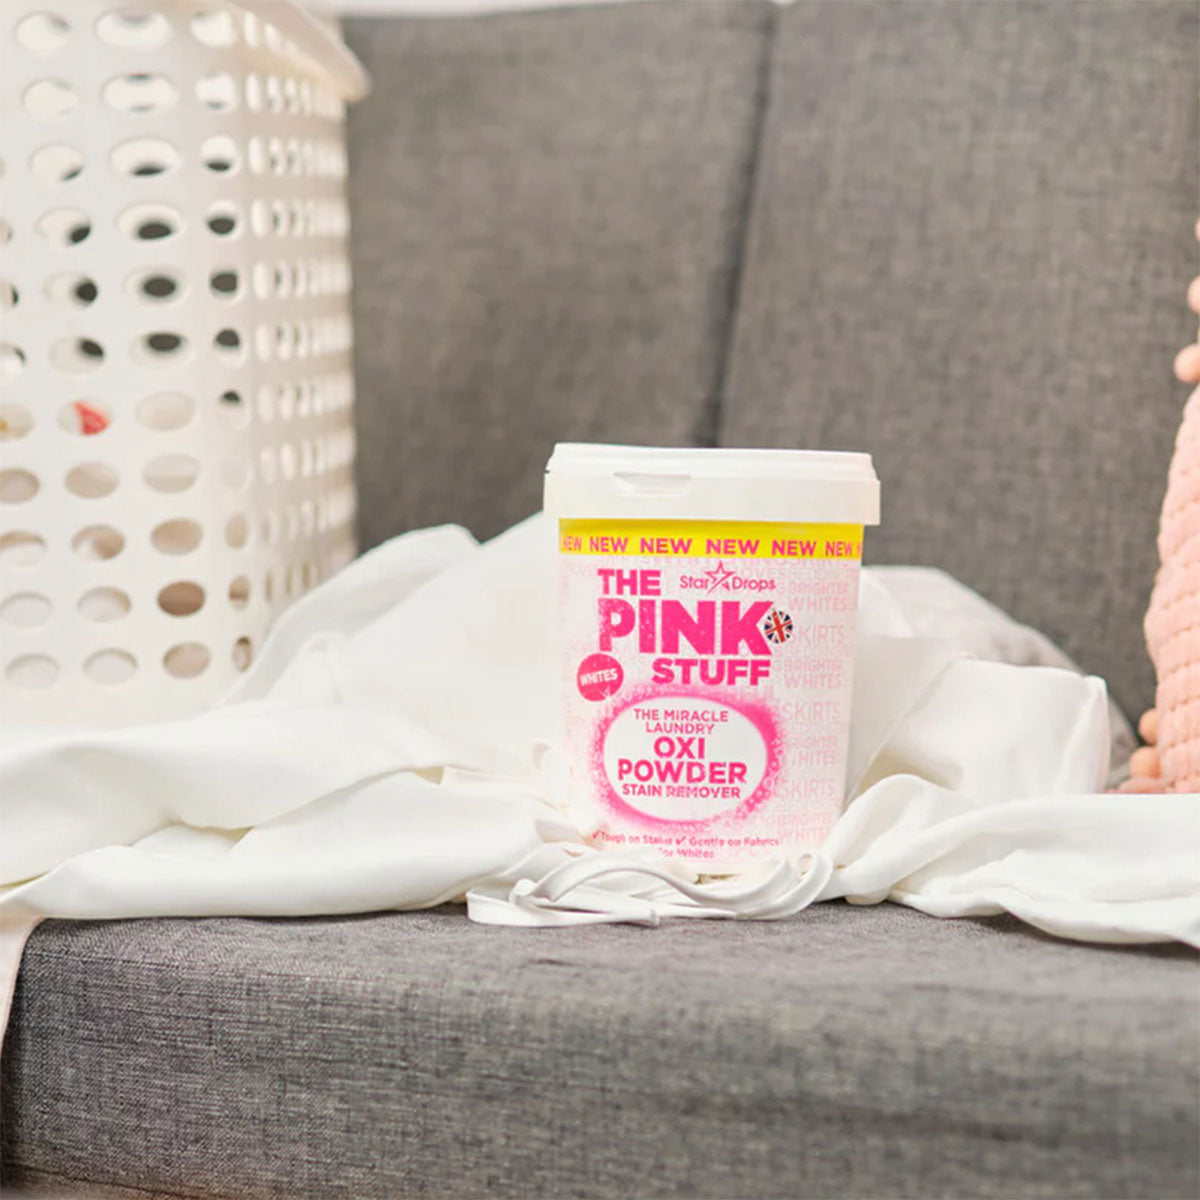 El Quitamanchas Milagroso en Polvo para Ropa Blanca OXI 1 kg The Pink Stuff - 🌱 🇬🇧 Producto Vegano del Reino Unido
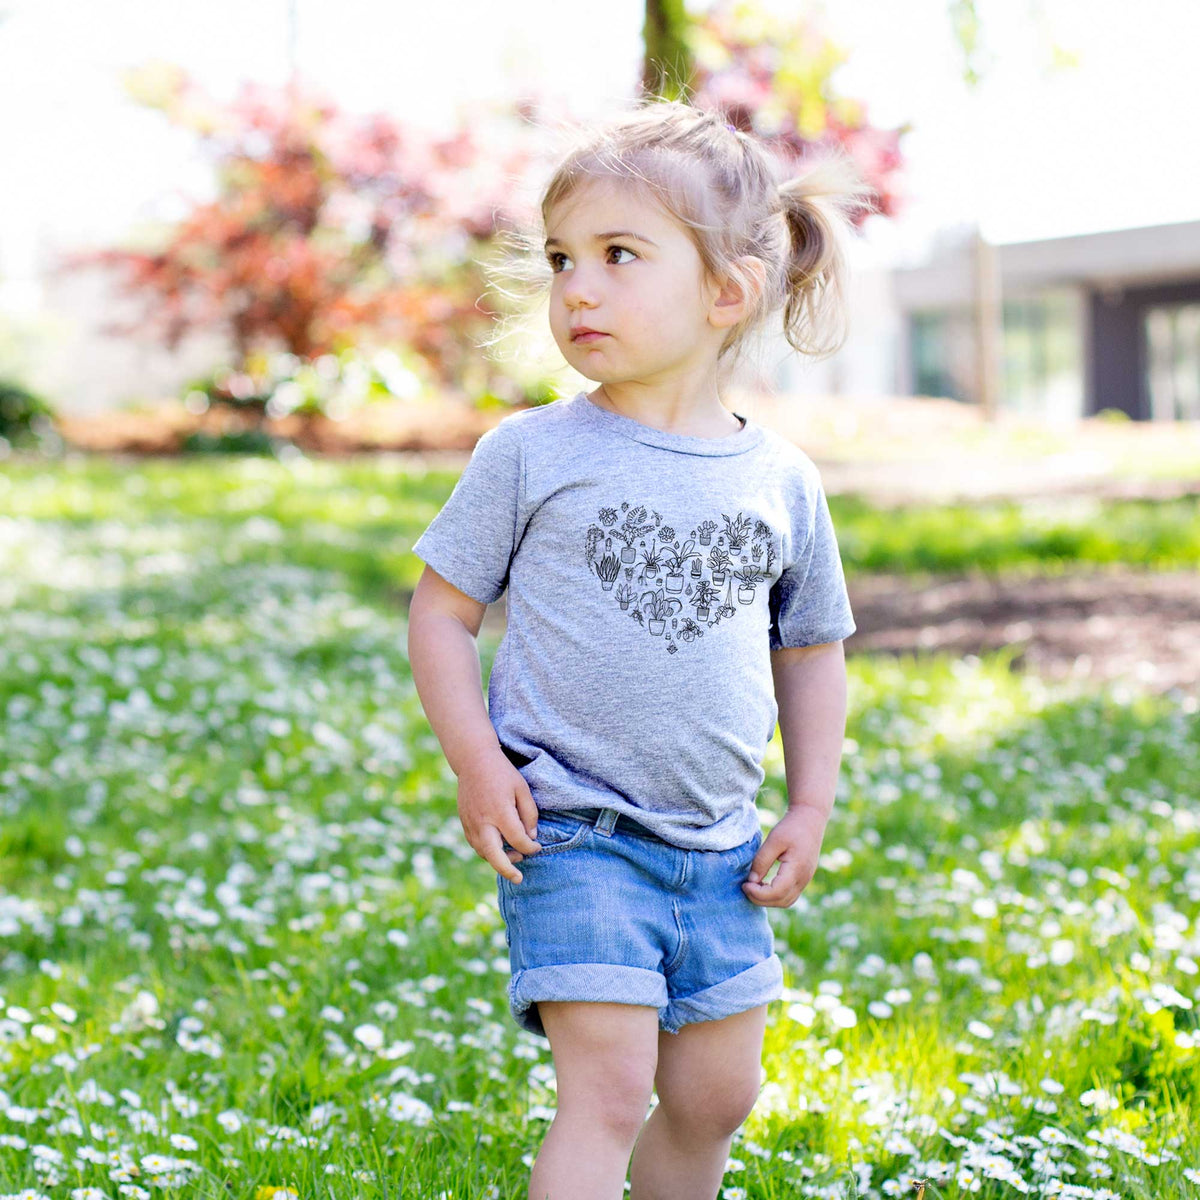 Heart Full of House Plants - Kids Shirt
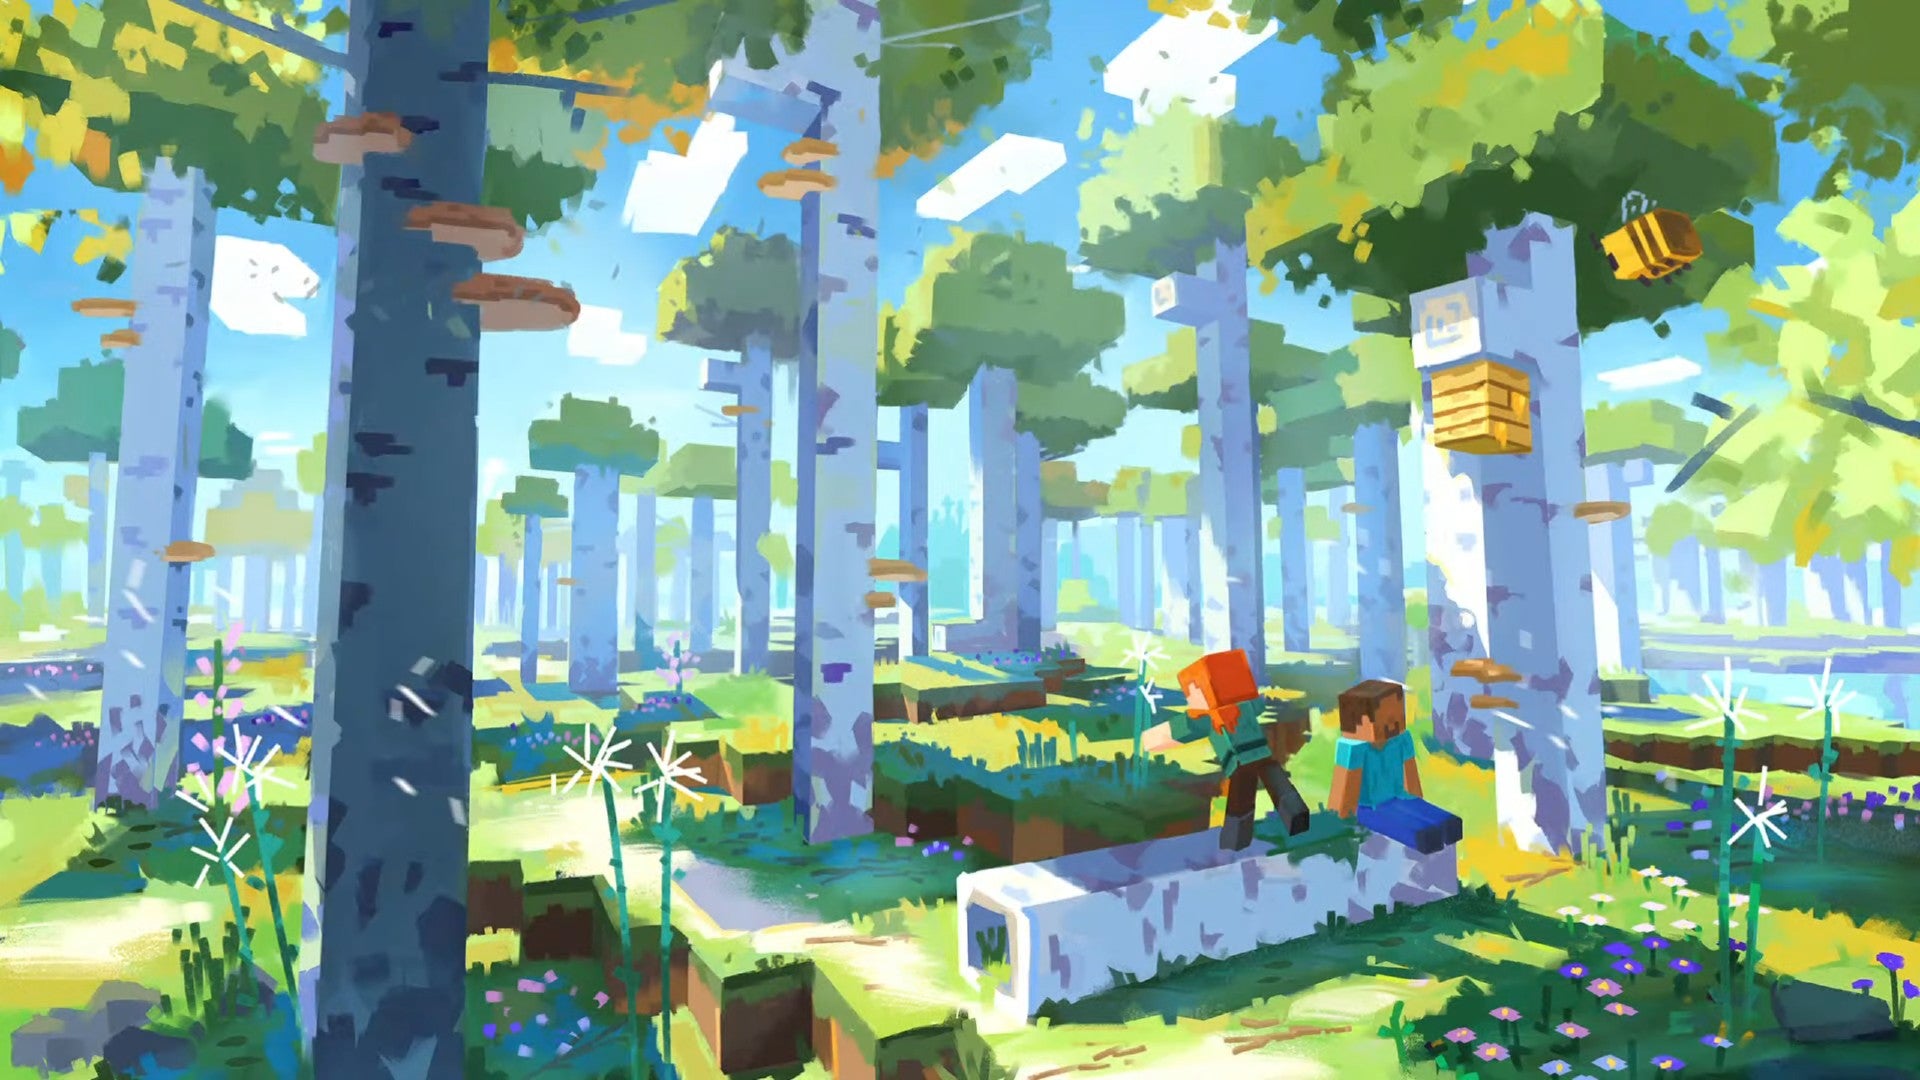 Minecraft'taki yeni huş ağacı ormanının konsept sanatı, daha uzun ağaçlarla biyom çeşitliliği değişikliklerini gösteriyor

....................

◆ Task details: Output the full listing verbatim; pictures stay out.

◆ Output below:
 El Quitamanchas Milagroso en Polvo para Ropa Blanca OXI 1 kg The Pink Stuff - 🌱 🇬🇧 Producto Vegano del Reino Unido
 Heart Full of House Plants - Kids Shirt
 Minecraft'taki yeni huş ağacı ormanının konsept sanatı, daha uzun ağaçlarla biyom çeşitliliği değişikliklerini gösteriyor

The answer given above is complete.